Some Helpful Mottoes

Stained glass window reading fortiter, feliciter, fideliterphoto credit: Pixabay.com Translation: Strength, Happiness, Faithfulness

You know what I like about Wednesday?  That’s the day each week when the Gretchen Rubin podcast comes out.  (Don’t worry–I have quite a few podcasts I look forward to, but this one is probably the top.  I typically listen to it at least twice.) Gretchen and Liz always have something useful and thoughtful to say, clothed in lots of laughter and lighthearted banter.  So yesterday’s podcast had as one of its main points “Write your manifesto.”  In other words, figure out a few brief sentences that sum up your attitudes or goals in a certain area of your life.  They specifically mentioned marriage as one area.  Maybe I’ll work on that.

(By the way, the word “manifesto” has negative connotations because it’s associated with dangerous documents such as “The Communist Manifesto,” so you’ll notice that I’m using “motto” instead.  Plus my statements right now are pretty minuscule.  Maybe I’ll work my way up to a full-blown plan of attack at some point.)

Anyway, here are three mottoes that I’ve been trying to incorporate into my thinking and especially into my praying over the past months and years:

1.  “Prepare to be amazed.”  I believe I mentioned this one in my book, so it’s several years old.  It’s a paraphrase of Habakkuk 1:5:  “Look at the nations and watch–and be utterly amazed. For I am going to do something in your days that you would not believe, even if you were told.” (NIV)  I frequently say in my prayers that I am expecting this in my own life; I am prepared to see God at work in ways I could never have imagined.

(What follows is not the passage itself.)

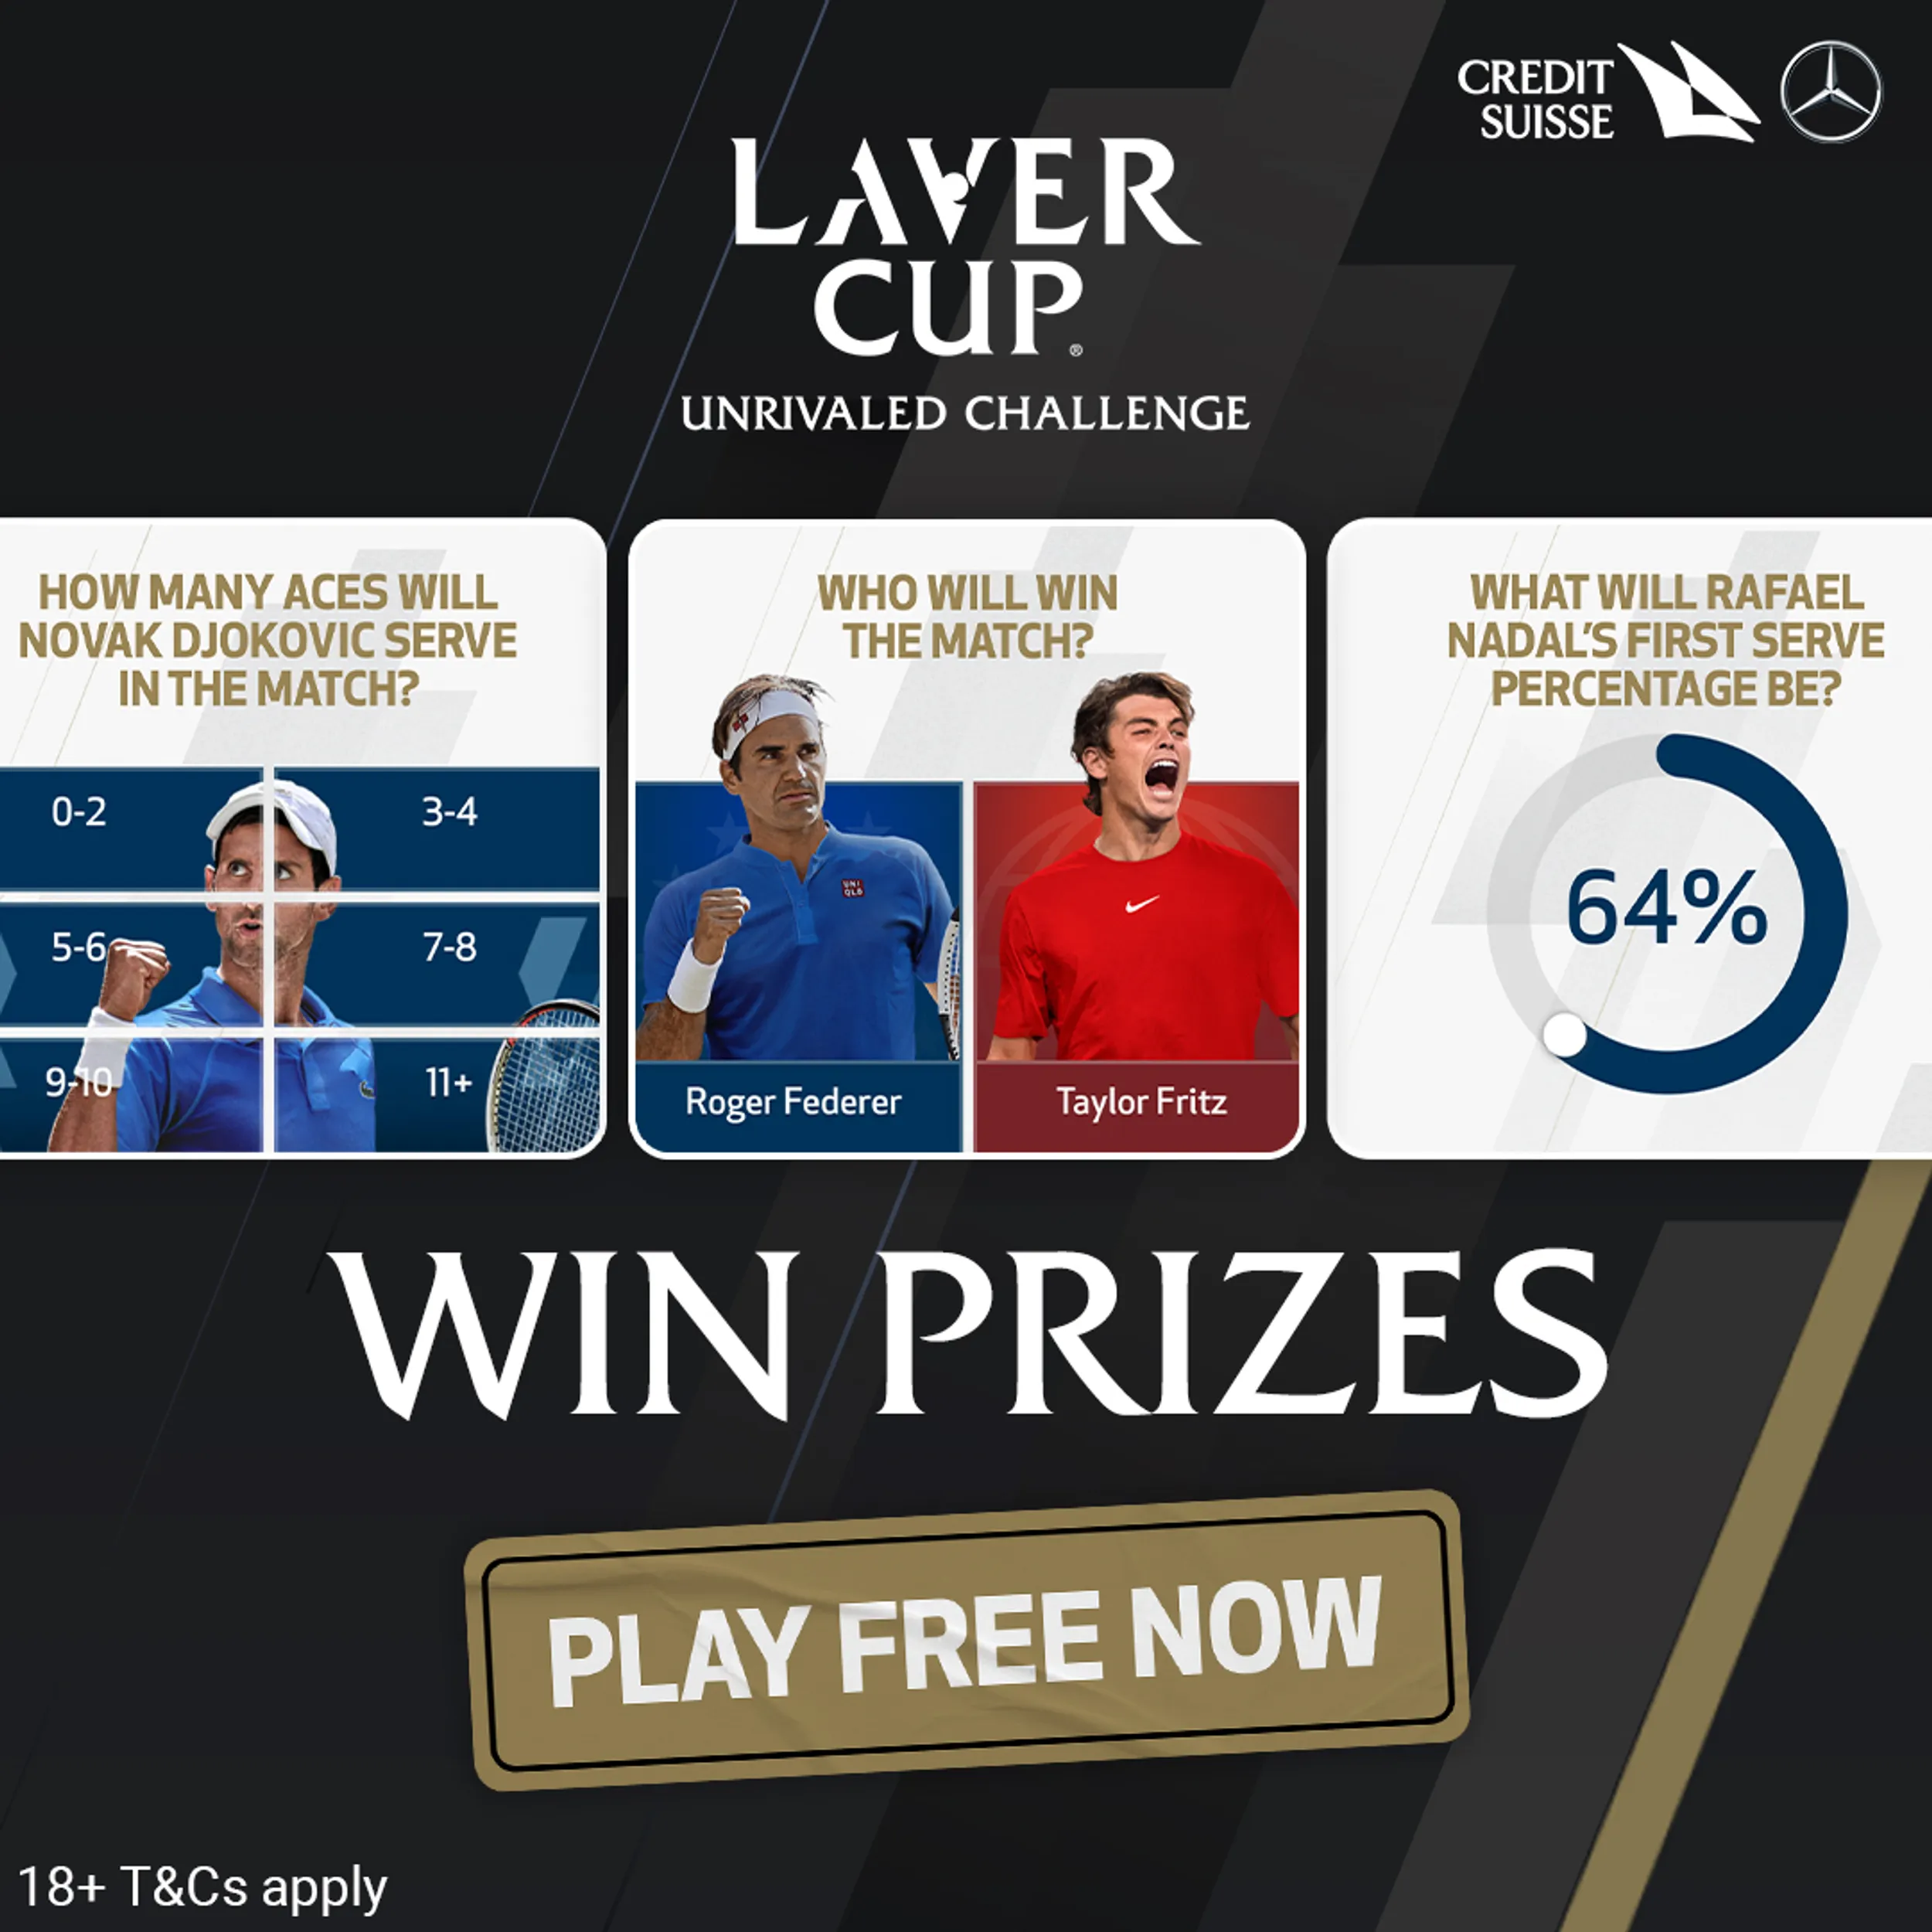 Laver Cup Carousel 4

2.  “Enlarge my coast.”  This comes from I Chronicles 4:10 in the King James Version; in a more contemporary version it reads this way:  “Jabez prayed to the God of Israel: ‘Bless me, O bless me! Give me land, large tracts of land. And provide your personal protection—don’t let evil hurt me.’ God gave him what he asked.” (The Message)  I pray this prayer as a request to God, not as a command that He must grant.  And I’m very conscious of Jesus’ admonition against “vain repetitions.”  So I don’t buy into the whole “prayer of Jabez” phenomenon; I just want to actively enlarge my sphere of influence and blessing.

3,  “I will not let you go until you bless me.”  This one comes from a rather puzzling story in the book of Genesis, chapter 32.  We are told that Jacob wrestles with “a man” one night, that Jacob is prevailing against this person and so he puts Jacob’s hip out of joint, and that when the man says that Jacob must let him go Jacob says the above line, and he is indeed blessed.  Jacob thinks he has been wrestling with God Himself, since he says, “I have met God face to face, and yet my life has been spared.”  And the next day Jacob is limping because of his hip.  I think the idea is that he limped for the rest of his life.

Well, I’m not going to put myself on a par with Jacob, nor am I going to try to parse out how a human being could actually wrestle with God and prevail.  That’s a little too far up in the stratosphere of theology for me.  But we are commanded over and over in Scripture, both in the Old and the New Testament, to be persistent and fervent in prayer, so that’s what I want to be.  Again, I’m very careful never to think that I can tell God what to do.

I find it extremely helpful to remind myself of these three mottoes.  What about you?